Armstrong
- Type: Private
- Industry: Telecommunication
- Founded: 1946
- Founder: Jud L. Sedwick
- Headquarters: Butler, Pennsylvania, United States
- Key people: Jay L. Sedwick (Chairman) Kirby J. Campbell (Vice Chairman) Dru A. Sedwick (President and CEO) Jeff Ross (President Armstrong Utilities)
- Products: Broadband Internet, Cable television, Telephone
- Number of employees: 2,300+
- Website: http://armstrongonewire.com

= Armstrong Group of Companies =

Cable, telecommunications and internet service provider

Armstrong is a major northeastern cable television, telecommunications and internet service provider servicing Pennsylvania, Ohio, New York, West Virginia, Kentucky, and Maryland. Armstrong Utilities, Inc. ranks among the 15 largest multi-system operators in the United States.

==History==
Armstrong began in 1946 and was originally called Armstrong County Line Construction. Founded by Jud L. Sedwick, the company was headquartered in Kittanning, Armstrong County, in Pennsylvania. Together with his brother Ned, Sedwick ran two crews consisting of six men each, whose job consisted of hanging telephone lines, setting telephone poles, and clearing right of way throughout western Pennsylvania, and managed to grow the company to 12 crews by the end of its first year of operations.

==Today==
Armstrong is in Pennsylvania, Ohio, Maryland, New York, West Virginia, and Kentucky for its digital cable services, most commonly providing television, telephone and high-speed Internet service. Currently, Armstrong employs over 2,300 people. The company's headquarters are in Butler County, western Pennsylvania, with local offices scattered throughout the region.

==Services offered==

===Armstrong Cable===
In 1963, Armstrong's first cable television customers were connected in Butler, Pennsylvania. These customers were provided with nine viewing channels. For the next 40+ years Armstrong continued to grow in western Pennsylvania and the surrounding states virtually uncontested for television service until the expansion of satellite service became more widespread. With the increase in competitors, new services emerged. Armstrong cable now offers personal video recorders (PVR), video on demand service (VOD), pay-per-view service (PPV), as well as high-definition digital programming.

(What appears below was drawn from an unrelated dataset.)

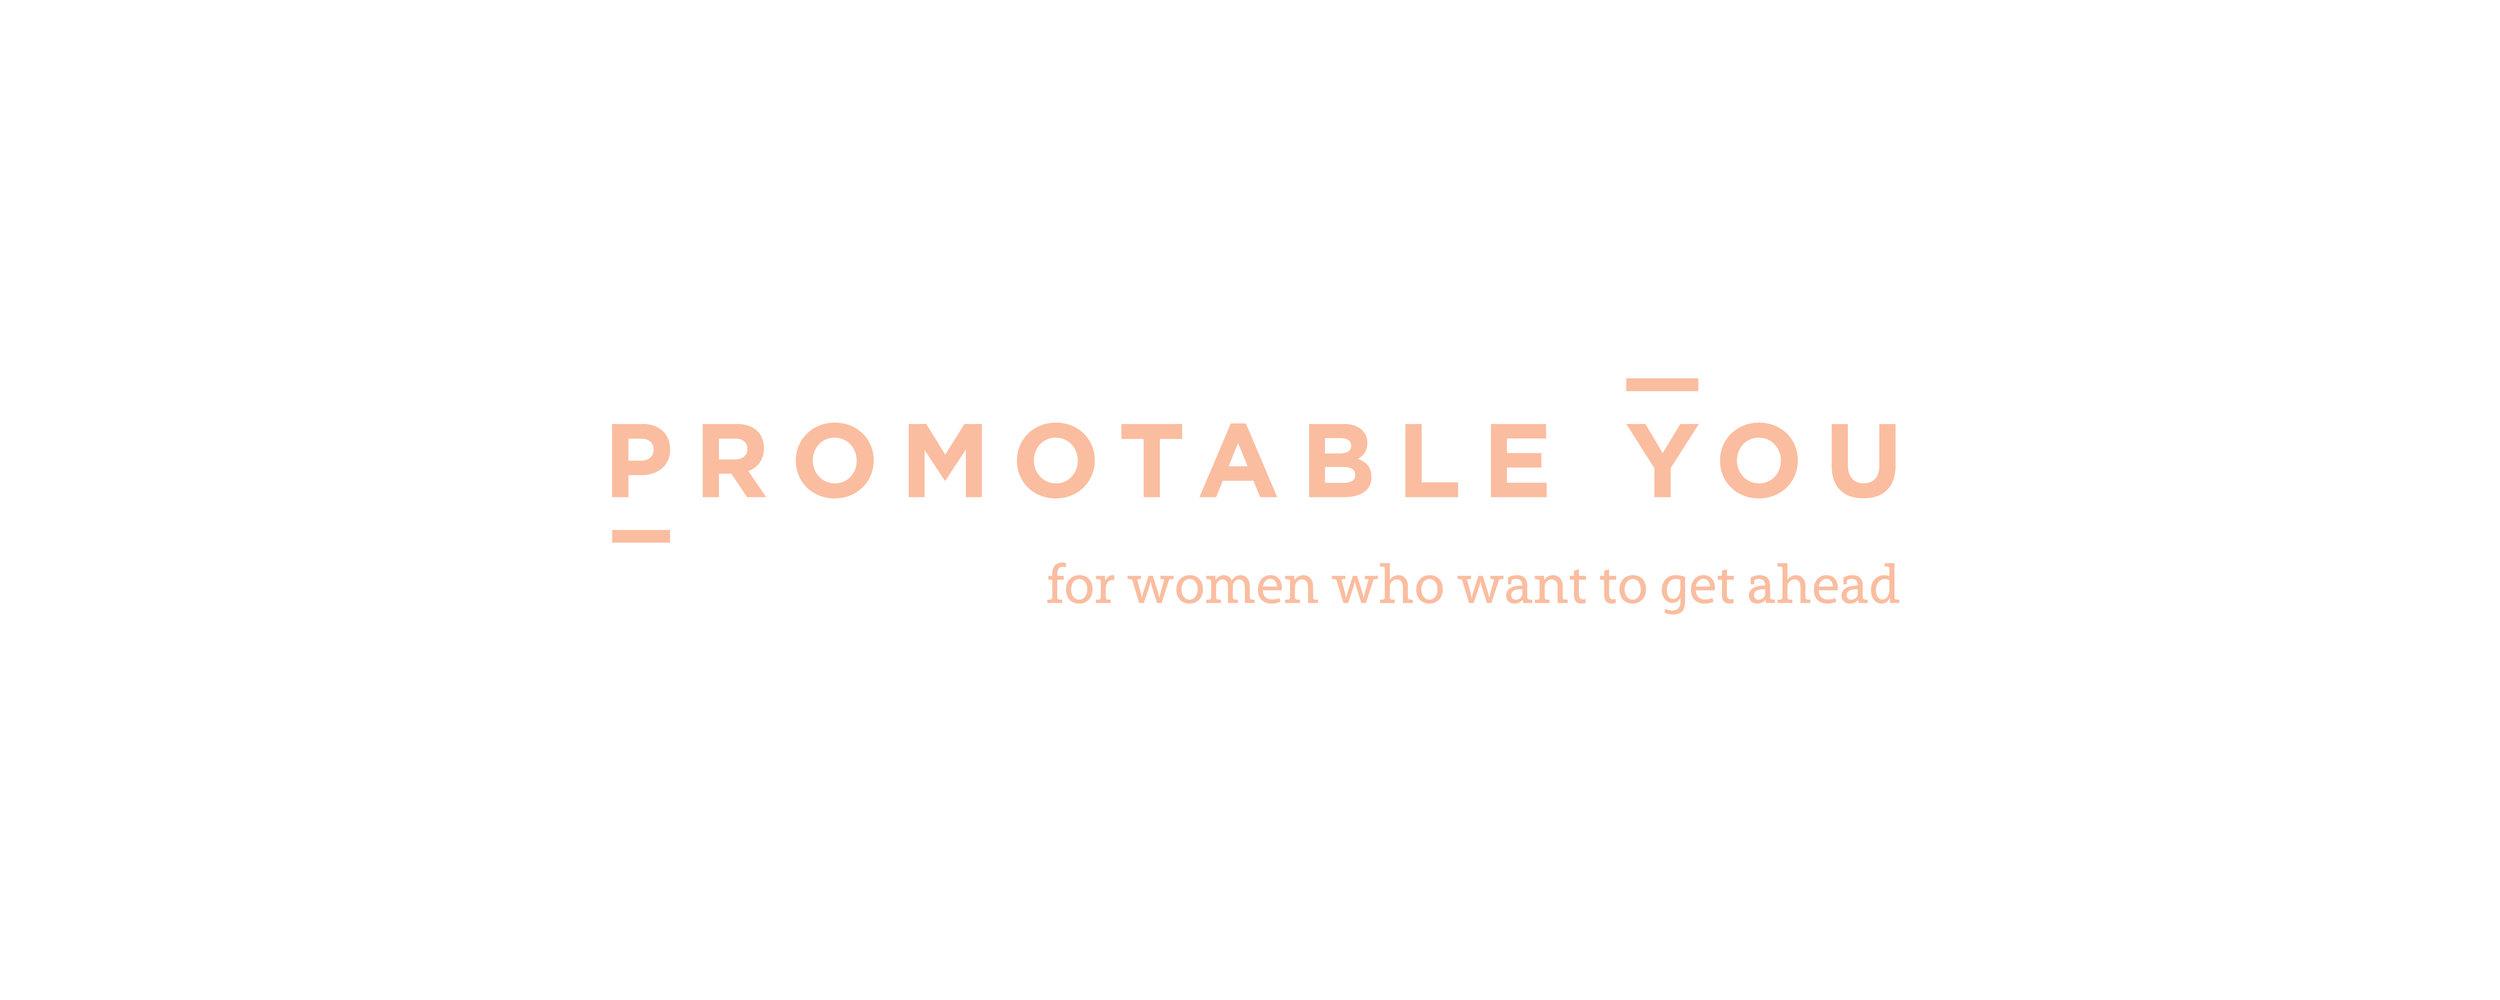 promotable-you-logo.jpg

===Armstrong Zoom Internet===
Armstrong also offers broadband internet service for residential and commercial customers. From 2013 to 2017 Armstrong instituted a 200GB monthly data cap. In March 2017, this was raised to 400GB. Consumers can pay more to increase the data cap. If the customer goes over the cap, they are not throttled nor shut off but instead pay an additional $10 for every 50GB they go over. As of March 2018, that data cap was raised to 1024GB(1TB) with the Zoom level of service, but the Zoom 2 and above levels have a 2048GB(2TB) data cap, while Zoom Extreme offers no data cap. Armstrong no longer has data caps on any plan as of May 2023.

===Armstrong Cable Telephone===
Armstrong offers a cable telephone service that can be bundled with either the video or internet product or as a stand-alone product. This service provides unlimited nationwide calling, as well as calling to Canada, Puerto Rico, and Guam.

===Armstrong Telephone Company===
Originated in 1950 by purchasing Ritchie Telephone Company in Harrisville, West Virginia, Armstrong owns and operates independent telephone companies in West Virginia, Maryland, Pennsylvania, and New York. These local offices are set up to provide local and long-distance calling services, optional digital calling features, and DSL Internet services.

==Awards and recognition==

===2012 Best Customer Service Award===
CableFAX Magazine, a leading telecommunications publication, awarded Armstrong the 2012 Best Customer Service Award for service excellence among independent cable operators nationwide.

Armstrong has been rated #1 in customer service by Consumer Reports for two years. (2014 & 2015) Internet Service Providers were ranked at the bottom of Consumer Reports lists for those years.

==Political activities==
In 2012, Armstrong offered 2016: Obama's America for free to its customers. In that same year, Armstrong donated over $1 million in the form of "in-kind cable access" to American Crossroads, a Republican Super PAC. Armstrong also donated $40,000 to Fight for the Dream PAC, a Super PAC that opposed the re-election of Senator Bob Casey.